::: Data provided

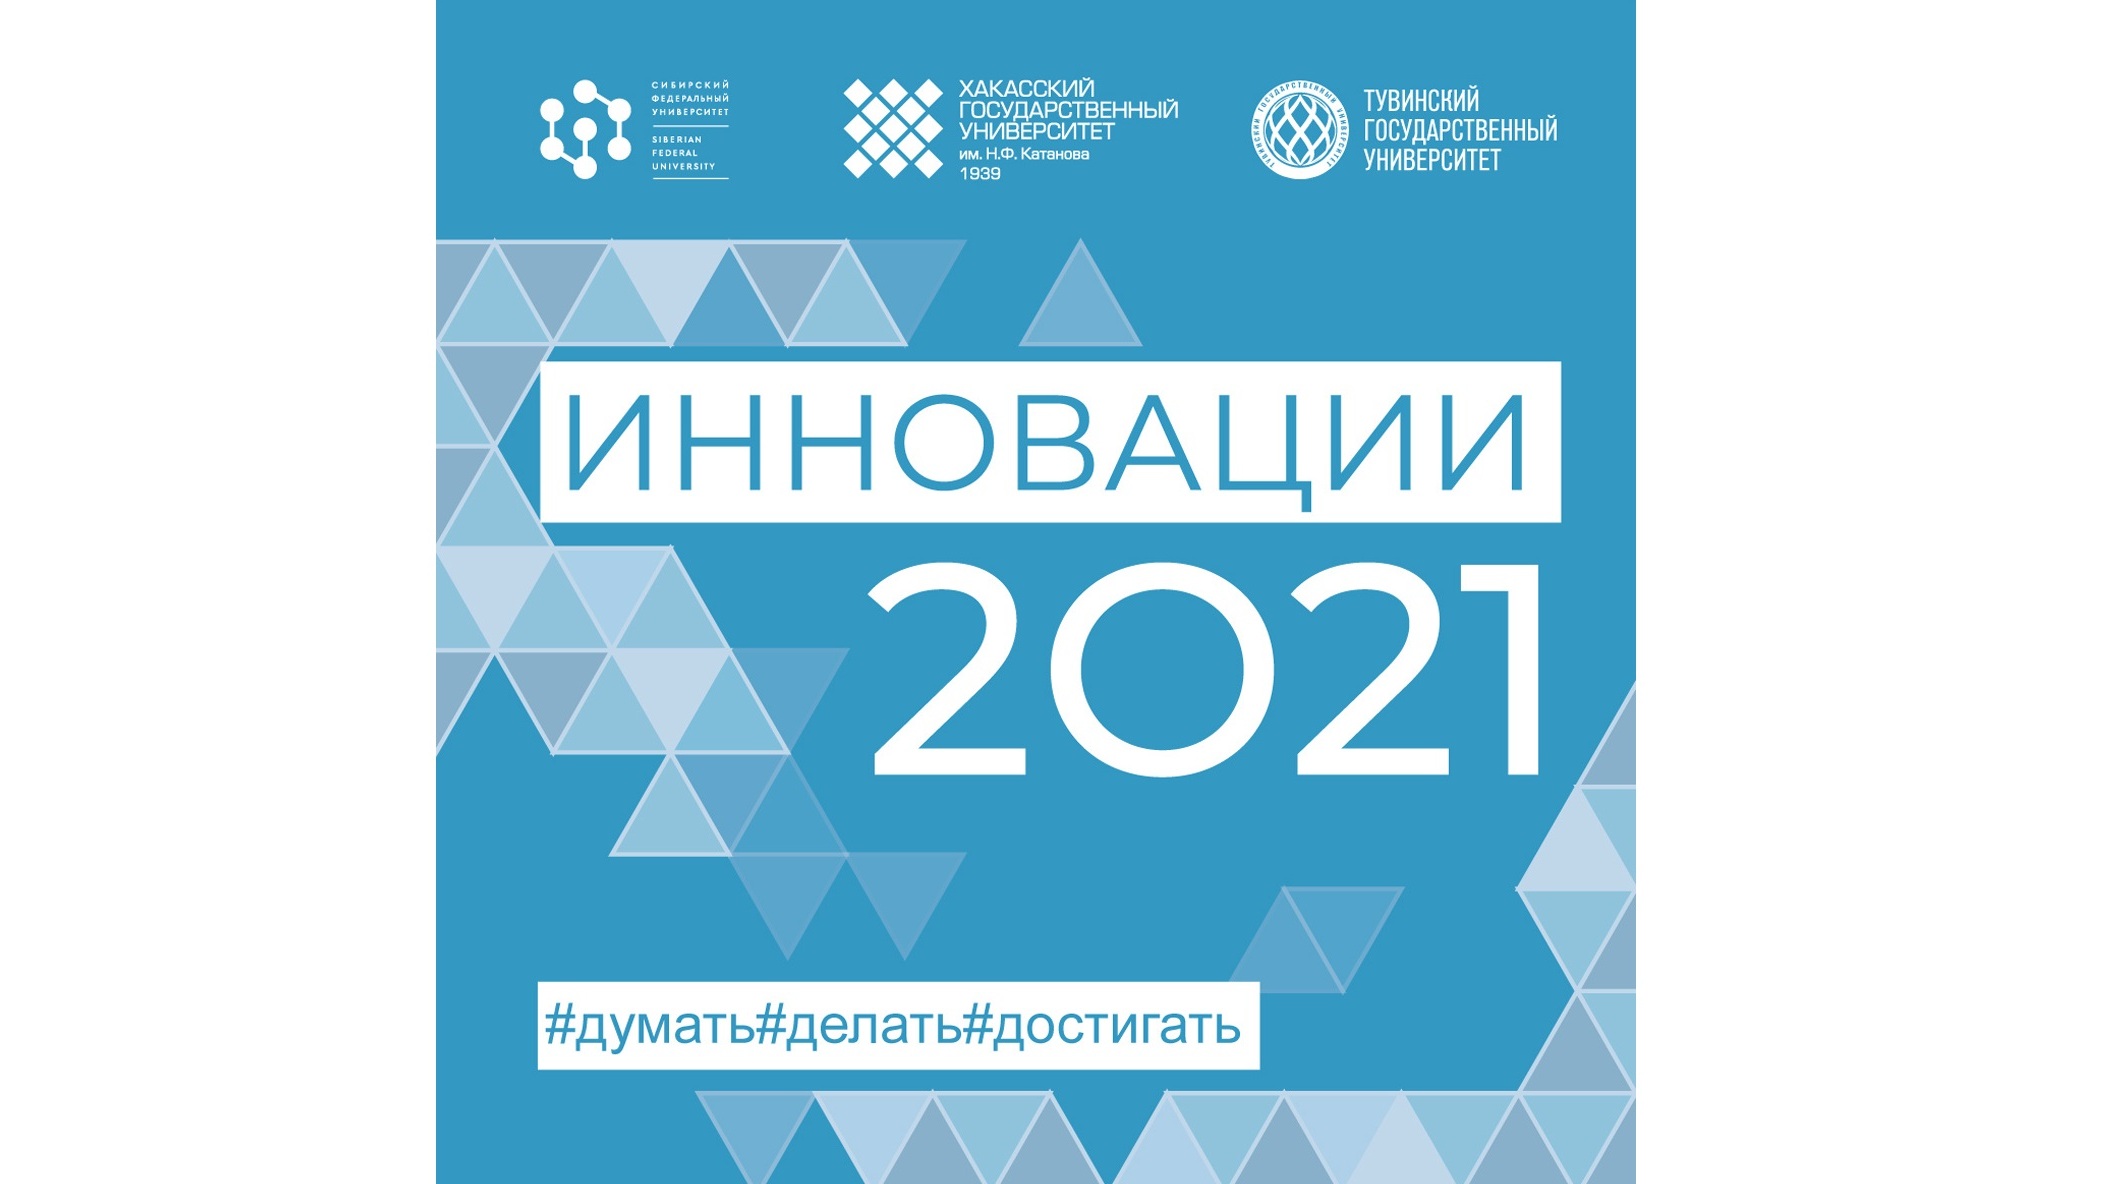 Инновации 2021. I межрегиональный инновационный молодежный форум "инновации ". Школа инноваций 2021
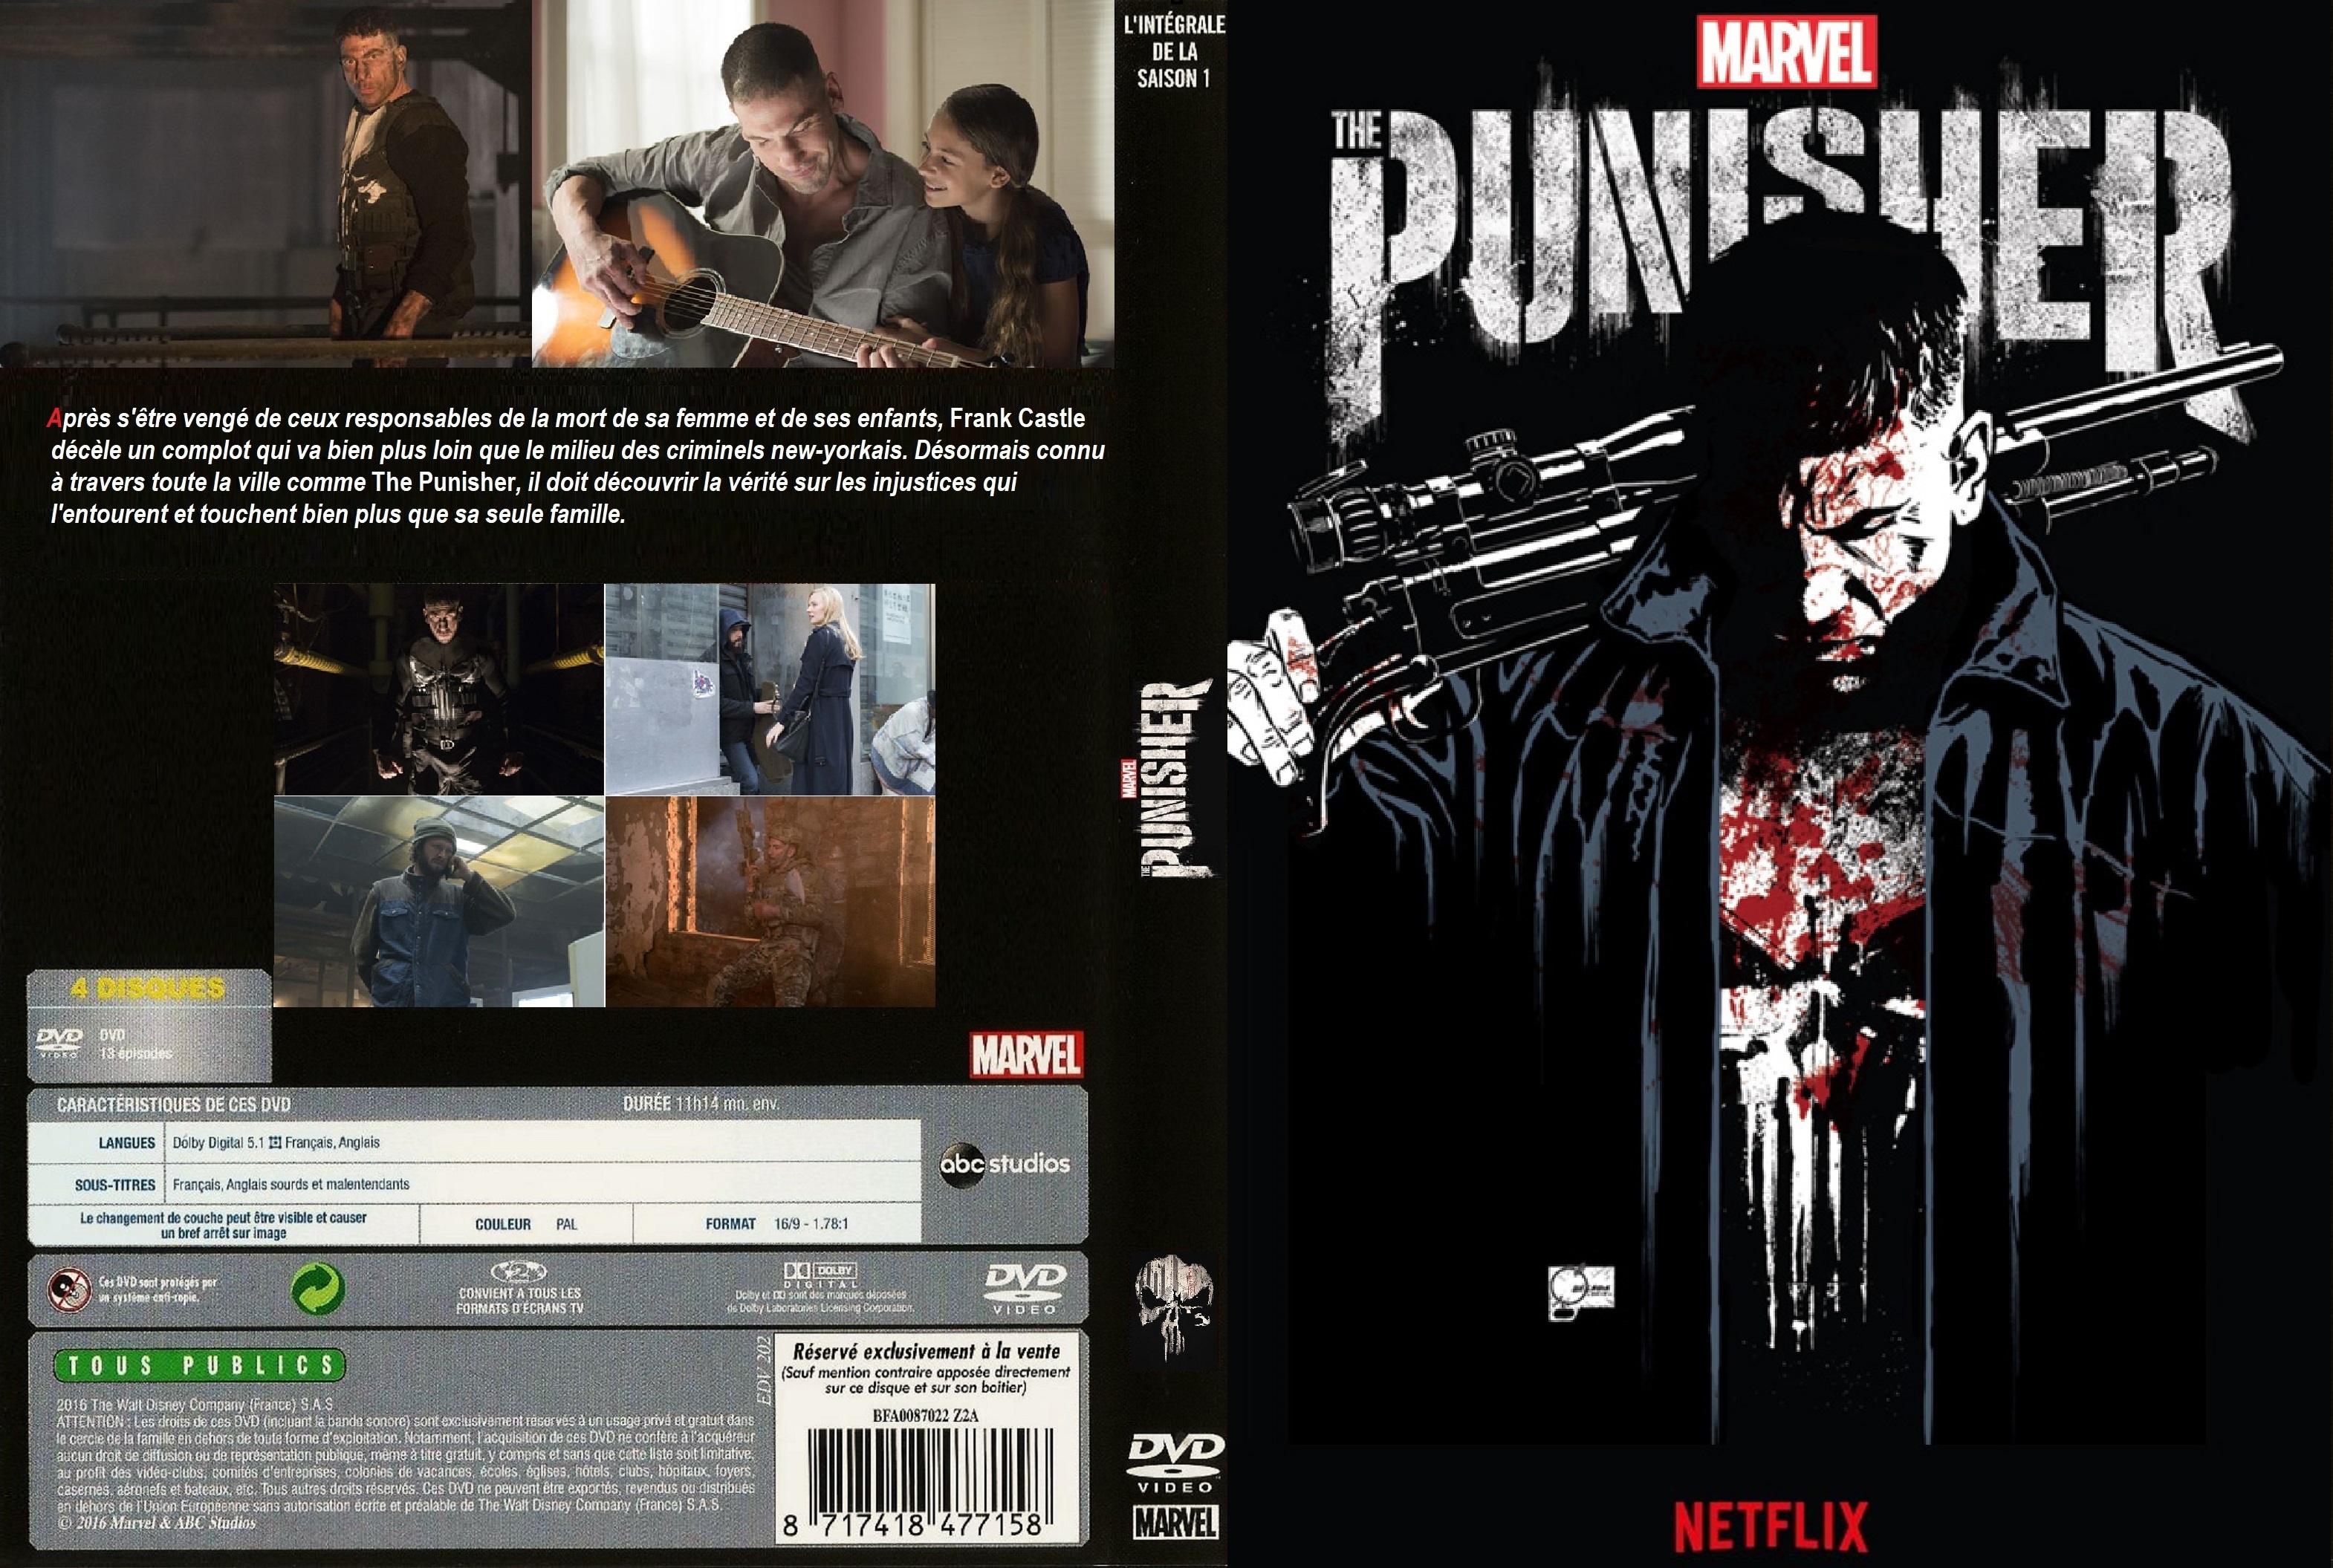 Jaquette DVD The Punisher saison 1 custom v2
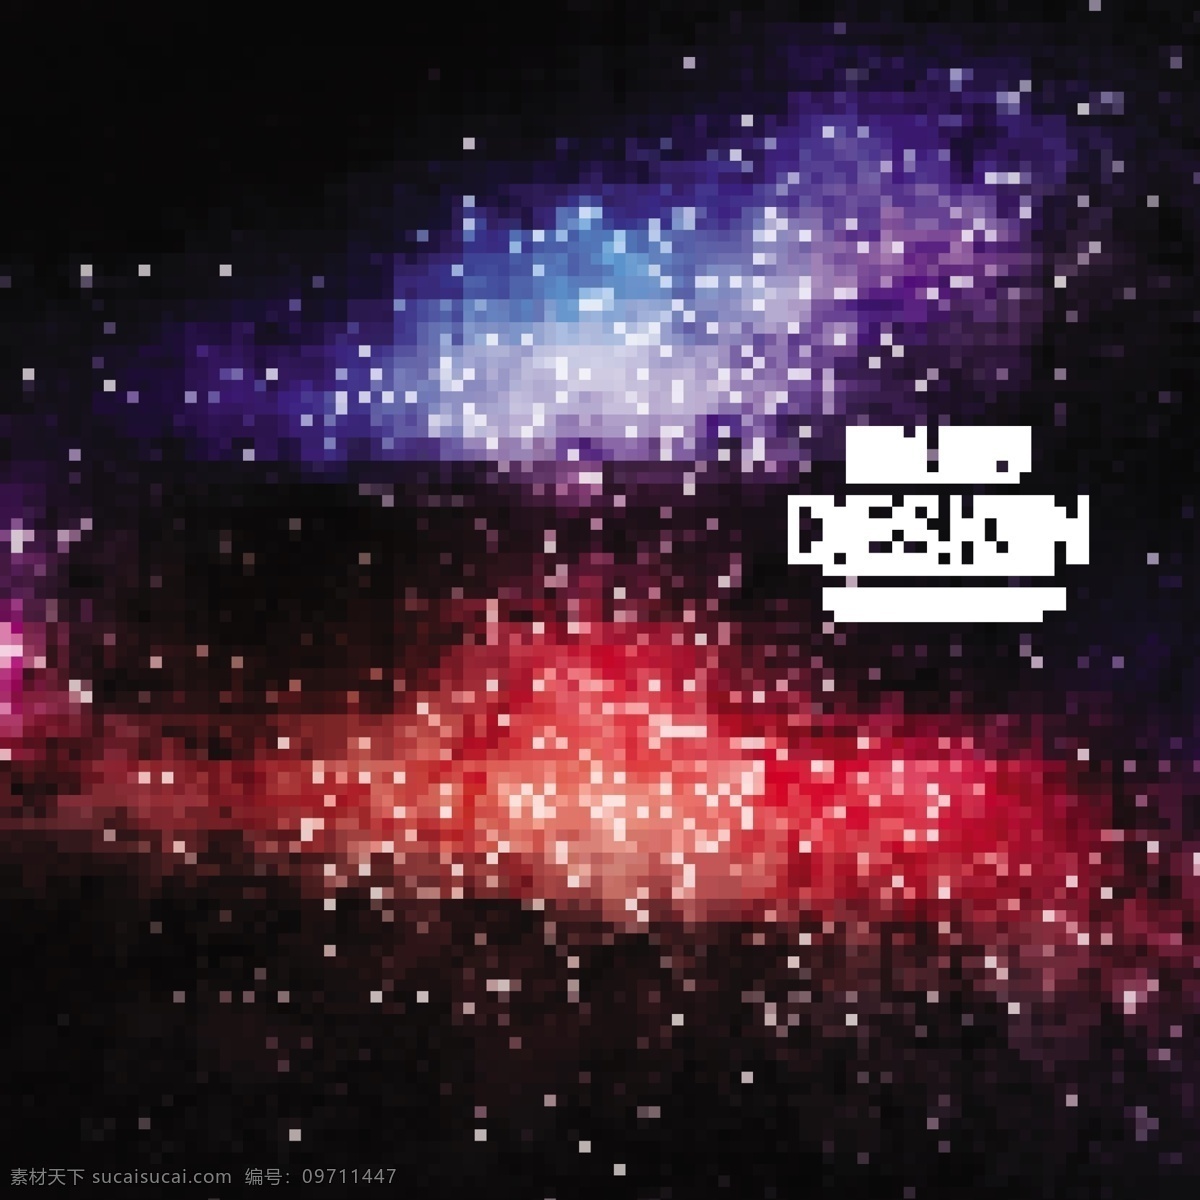 蓝色 红色 背景 星系 抽象 恒星 太阳 天空 科学 空间 黑夜 行星 符号 宇宙 卫星 星座 天文 星空

::::::

What you will do: Give back every line of the material above word for word, leaving out the pictures.

Answer area:
 Инновации 2021. I межрегиональный инновационный молодежный форум "инновации ". Школа инноваций 2021
 Jaquette DVD The Punisher saison 1 custom v2
 蓝色 红色 背景 星系 抽象 恒星 太阳 天空 科学 空间 黑夜 行星 符号 宇宙 卫星 星座 天文 星空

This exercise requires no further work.